The simvastatin and the hormone replacement therapy were equally effective in raising serum HDL cholesterol, which increased an average of 7% in each treatment group. Simvastatin lowered LDL cholesterol an average of 36%, while the hormonal therapy lowered it 24%a significant difference. Simvastatin also lowered total serum cholesterol significantly more (26% vs 14% with hormone replacement therapy). The only potentially unfavorable lipid change was with triglycerides, which hormone replacement increased by 29%. Simvastatin decreased triglycerides by 14%. In a subgroup analysis, the lipid profiles of those participants at particular risk for coronary artery disease, after treatment, were similar to those of the general study population.
More women in the United States die from coronary artery disease than from any other condition. Despite epidemiologic data suggesting that postmenopausal estrogen replacement therapy cuts this mortality risk approximately in half, hormone replacement remains a controversial topic about which many American women are still uneducated.

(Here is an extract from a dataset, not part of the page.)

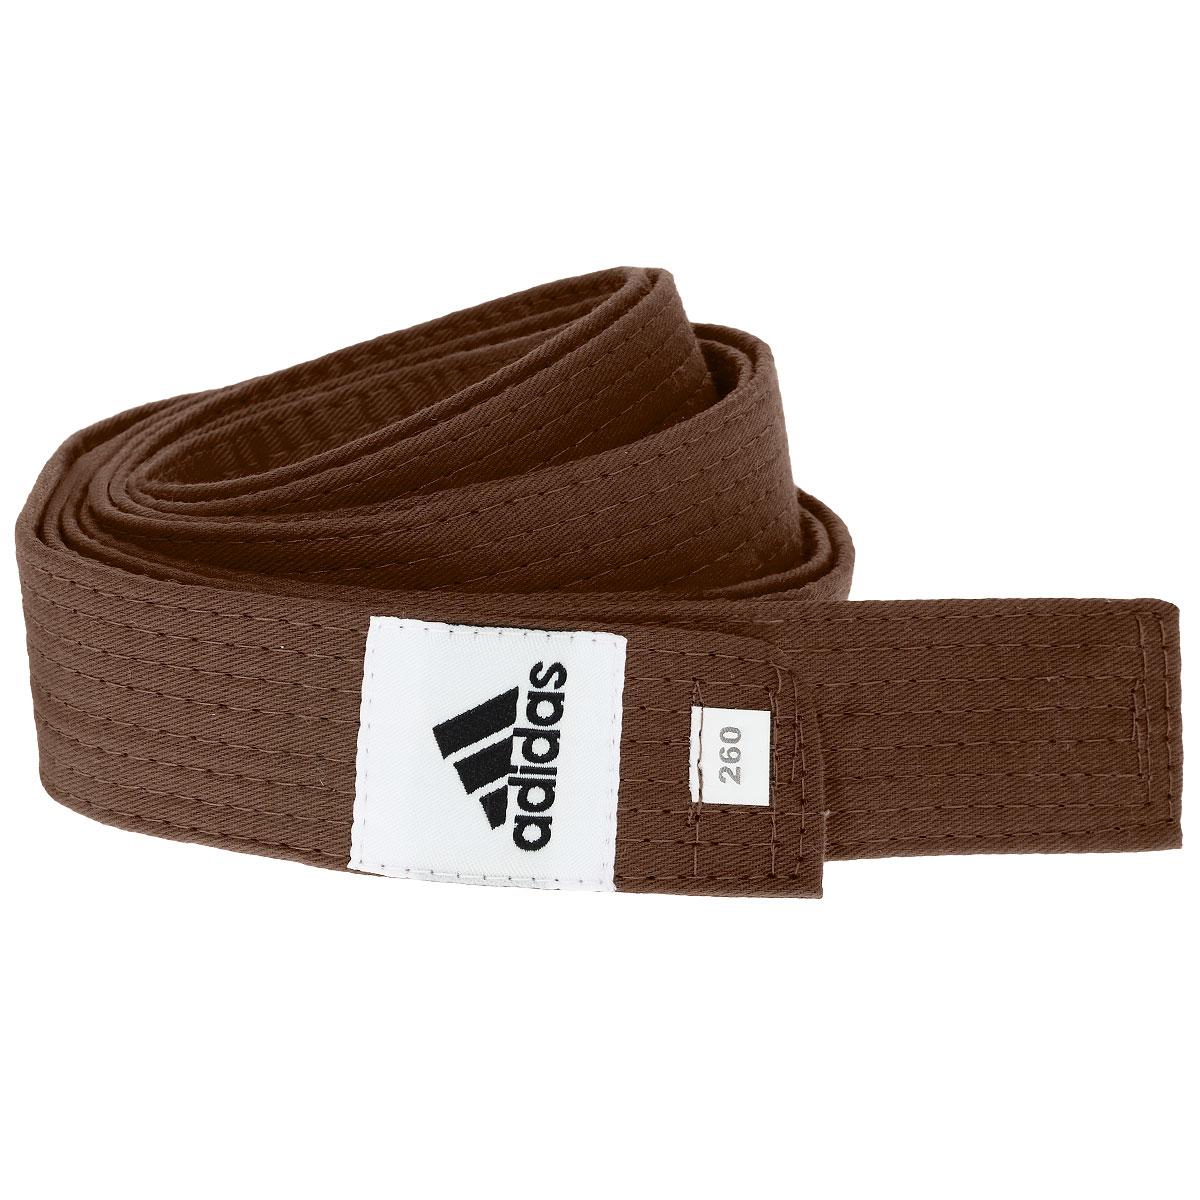 Пояс для единоборств adidas Club, цвет: коричневый. adiB220. Длина 280 смadiB220Пояс для единоборств adidas Club - универсальный пояс для кимоно. Пояс выполнен из плотного хлопкового материала с прострочкой.Такой пояс - необходимый аксессуар для тех, кто занимается боевыми искусствами.

Postmenopausal estrogen/progestin replacement has already been shown to raise HDL levels while lowering LDL levels. Darling et al are the first, however, to stack hormone replacement therapy against an HMG-CoA reductase inhibitor in a direct comparison of lipid-lowering effects. As Darling et al suggest, the benefits of hormone replacement therapy were clearly reinforced, especially because raising HDL may prove to be more important than lowering LDL in the prevention of coronary artery disease.

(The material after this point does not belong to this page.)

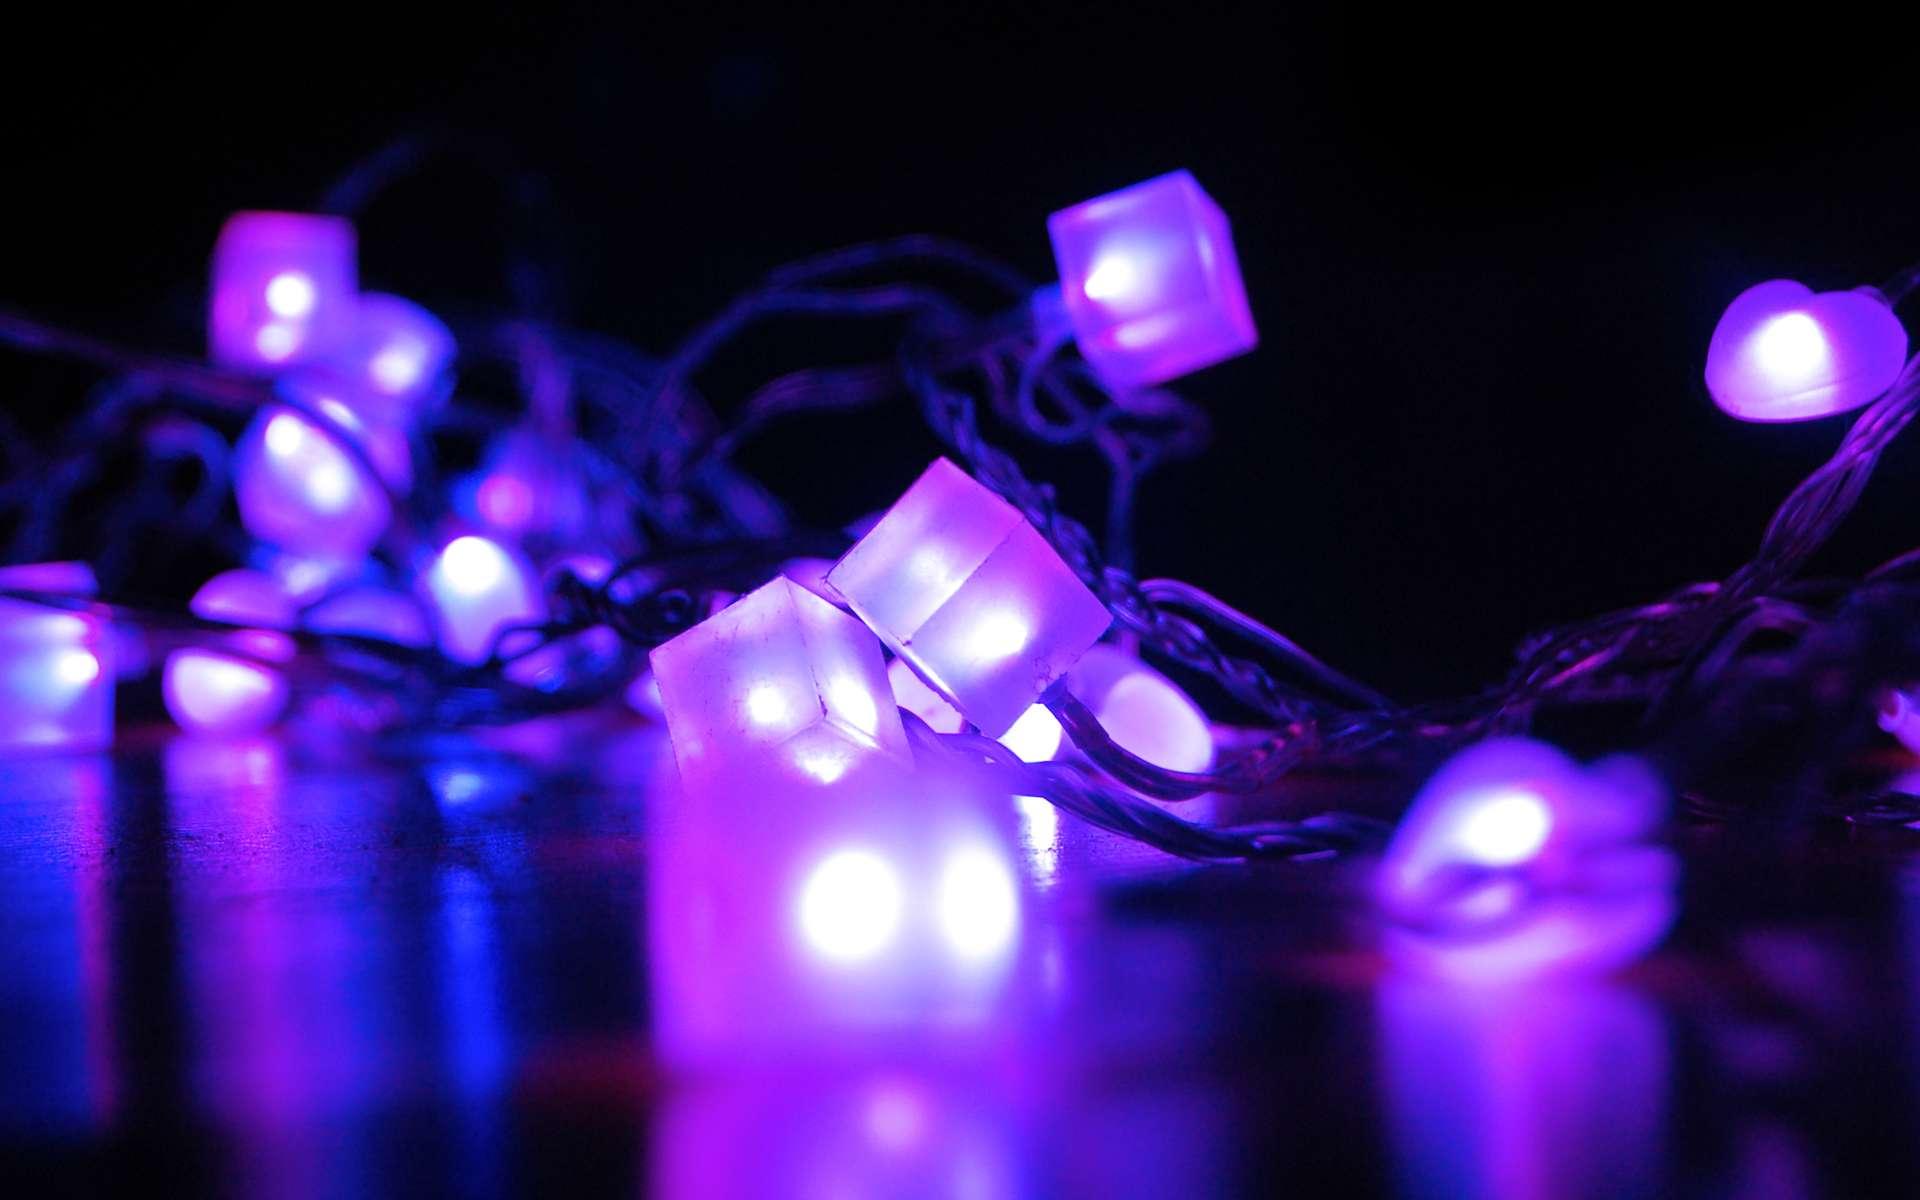 Les diodes électroluminescentes font partie de notre quotidien, entre autres du fait de leur rendement énergétique intéressant. © Russel McGovern, Flickr, CC by-nc-nd 2.0

Does it really matter that hormone replacement therapy raises triglycerides? Elevated trigylcerides have been implicated as an independent risk factor for coronary artery disease in women, but the investigators correctly assert that estrogen-induced hypertriglyceridemia may be different. This issue will need to be clarified in future research.
The real answers to all of these questions await the results of the first randomized controlled trials on hormone replacement therapy and coronary artery disease, such as the ongoing Women’s Health Initiative, which will determine whether hormone replacement decreases coronary artery disease mortality. Serum lipid levels are at best a limited surrogate for these data. In the meantime, this study furthers our understanding of the complex relationships between hormone replacement and hyperlipidemia. This article provides more support for discussing hormone replacement with our postmenopausal patients. It joins an increasing body of evidence that this therapy prevents heart disease, osteoporosis, urogenital atrophy, and perhaps even dementia and tooth loss. An important question for future research will be whether hormone replacement in combination with a conventional lipid-lowering agent more effectively improves hyperlipidemia than does either therapy alone.